- Dataset extract:
========================================

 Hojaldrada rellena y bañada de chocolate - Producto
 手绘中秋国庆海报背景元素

========================================

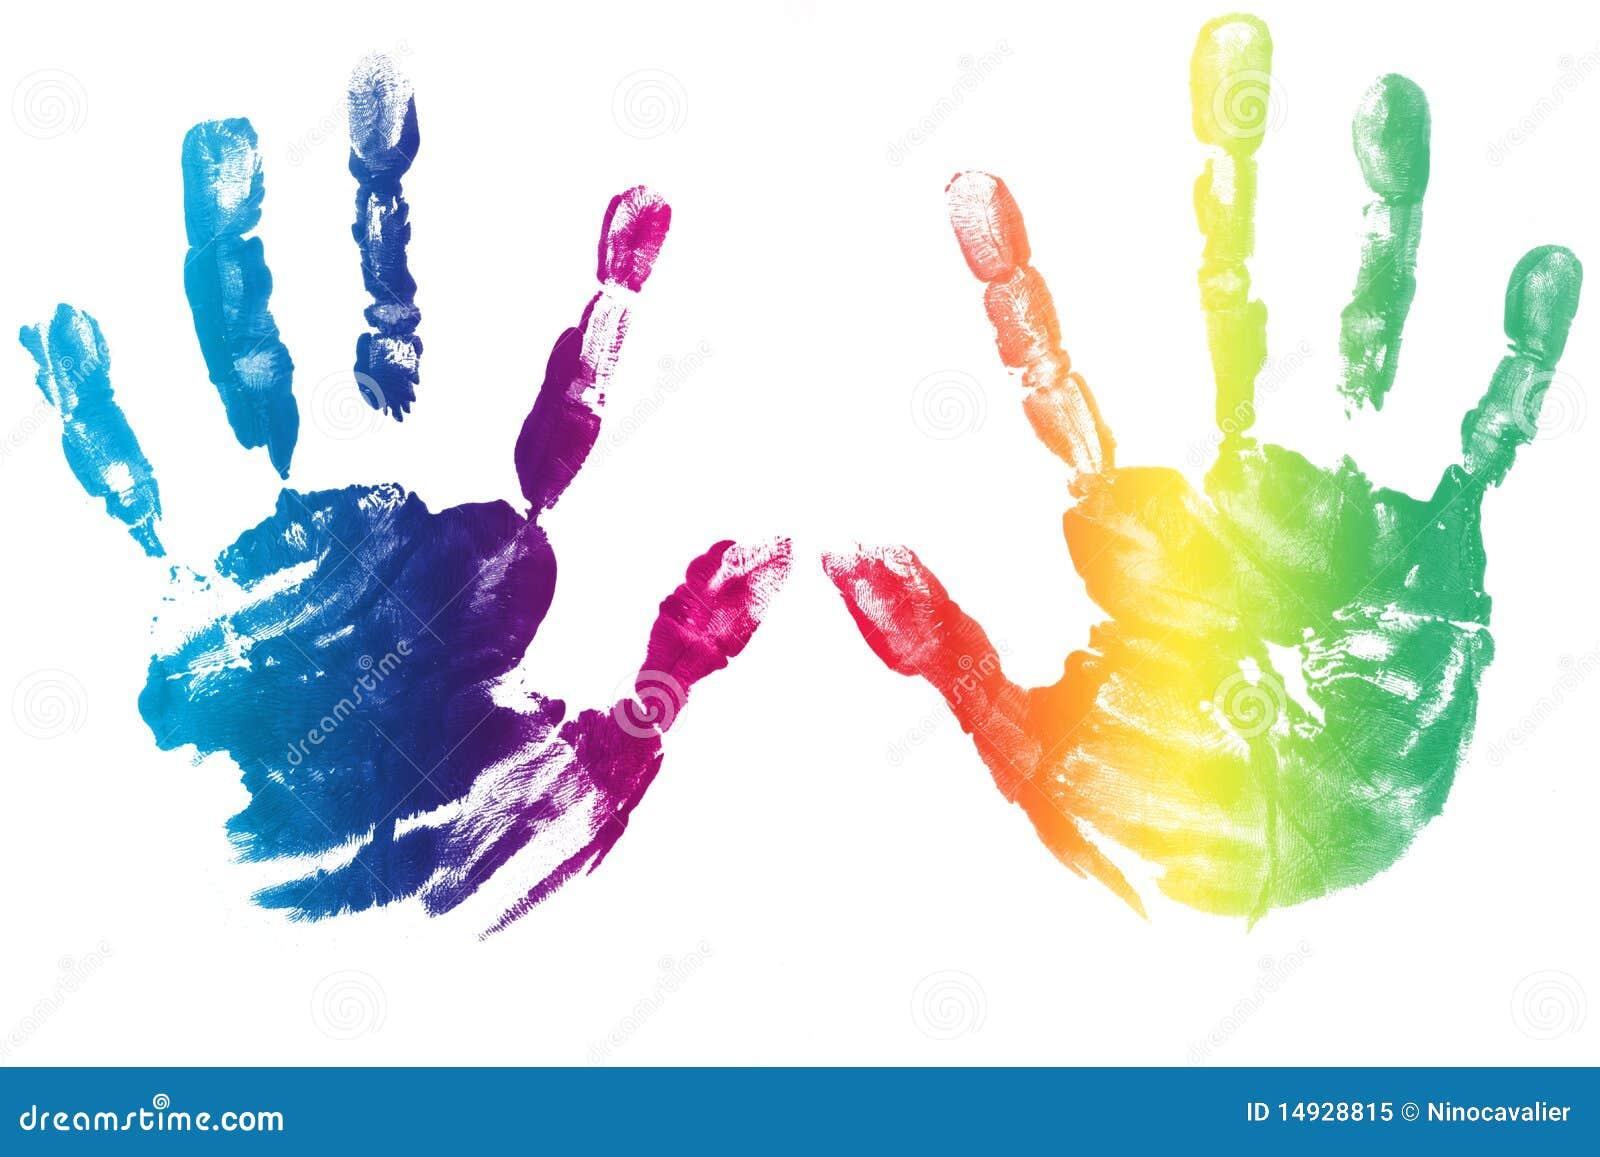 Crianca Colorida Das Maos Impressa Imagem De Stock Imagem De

========================================

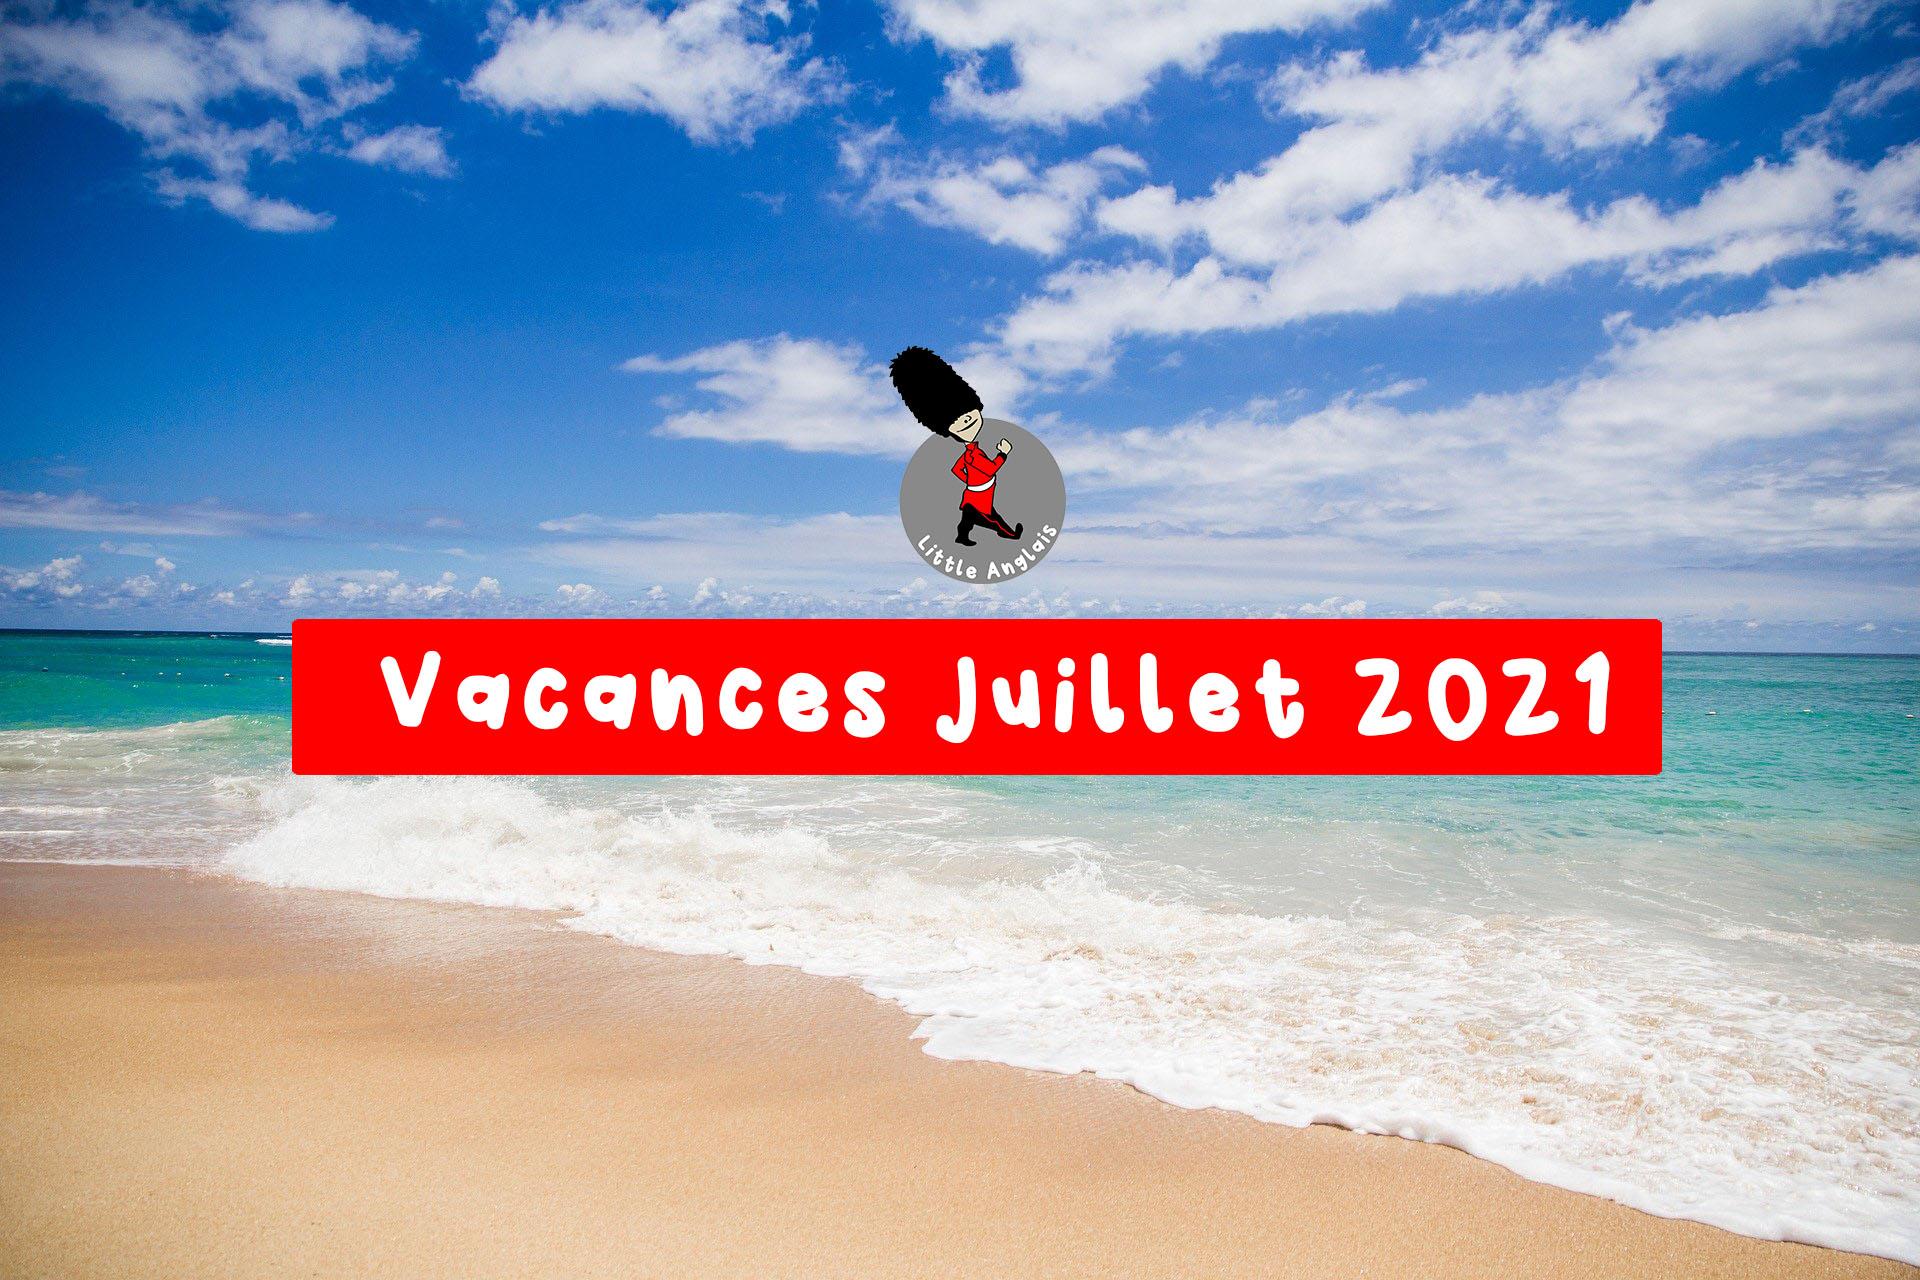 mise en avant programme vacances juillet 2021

========================================

- Task instructions:
After locating the line holding "Hojaldrada rellena y" above, output exactly that line and every line after it through the line holding "手绘中秋国庆海报背景元素". Include nothing else.

- Solution to this task:
 Hojaldrada rellena y bañada de chocolate - Producto
 手绘中秋国庆海报背景元素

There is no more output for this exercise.